Только свеча на окне горит.
Я заслоню от ветра.
***
Мне кажется, что ты вдруг превратился в ангела, незримо стоишь за бойким моим плечом, ладонь подаешь, когда я по дури падаю, и делаешь в венах страшно и горячо. И тень на земле не гуще, чем тени смертные, а я не боюсь – есть двадцать второй псалом, пойдем же, скорей, - все дома давно обедают, - пока нас в эфир с ногами не забрало. И ты талисман, на жестком шнурке, под шкуркою, ты трешься всей шерстью, тычешь холодный нос. Как плохо, когда под треснутой штукатуркой кривой капилляр упрямо в тебя пророс.
Да бог бы с тобой, с твоим незатертым именем, с глазами шершавыми, с теплым здоровым сном. И нас же, дружок, не выгнали, не обидели, нам просто сказали, что это не будет дом. И мы у подъезда с вязаными баулами сидим, подперев ладошками небеса; струится асфальт, а лестницы стали гулкими. И тихий мяв кипит у тебя в усах. Комкуется горло, песенки петь не хочется, оранжевый свет становится тускло-сер. Я помню про все теории одиночества, но как нам с тобой отныне не быть как все?
Да глупости все. Вот я, вот заплечье теплое, у ангельских перьев такой небывалый цвет. По улицам незаметно мы ходим с толпами, с соломою во взъерошенной голове. Пусть. Время идет, и мы уже всласть поездили, в полоску мой шарф и ты. Неземная тишь.

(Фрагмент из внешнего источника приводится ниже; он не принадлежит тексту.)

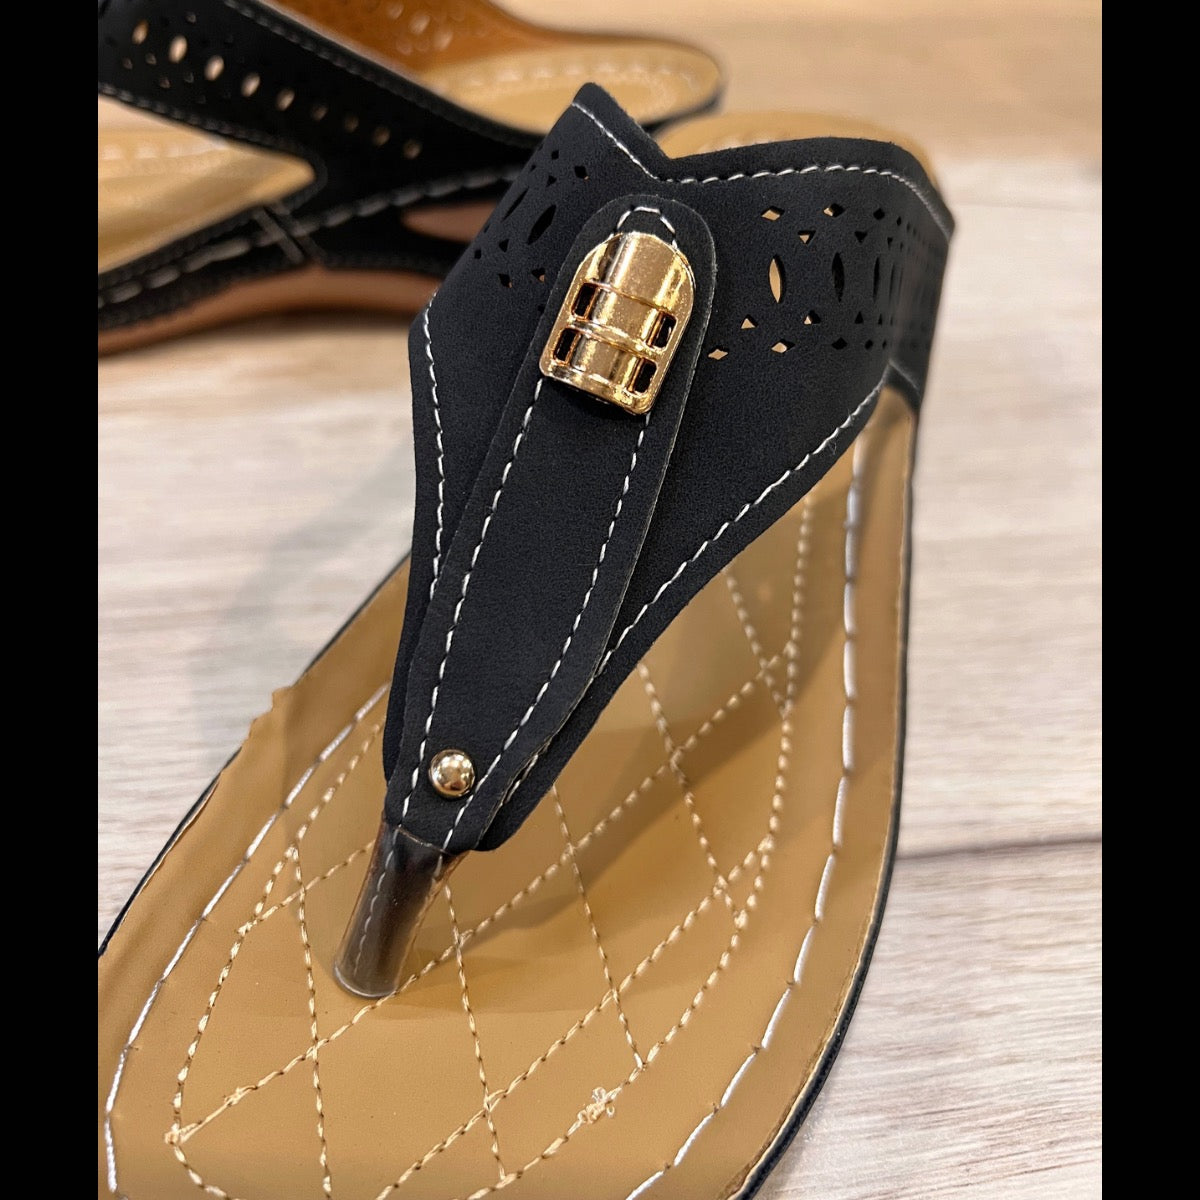 BLACK GOLD LOW WEDGE LIGHTWEIGHT SANDALS WITH TOE POST

Когда я в конце строки превращусь в созвездие, то ты меня обязательно разглядишь. _________________ Тоже мне придумали - сахар в кофе добавлять!
***
Только вперед пол-лиги - большего не прошу. Ты не читаешь книги, которые я пишу. Думаешь, я не знаю? Пыльно на корешках. Где-то в начале мая сердце вздохнет в руках.
Свечка сгорела, свечка... -надцатая уже. Ты ненавидишь гречку, я ненавижу жесть. Ладно, бормочешь, ладно, ты хороша, приди. Где-то в начале марта сердце вздохнет в груди.
Вписываю в листочки, в клеточку, второпях. Ты, не узнав ни строчки, ловишь меня впотьмах. "Не-отпусти, забудем!" "Веришь ли, не могу". Где-то в конце июня сердце вздохнет в снегу.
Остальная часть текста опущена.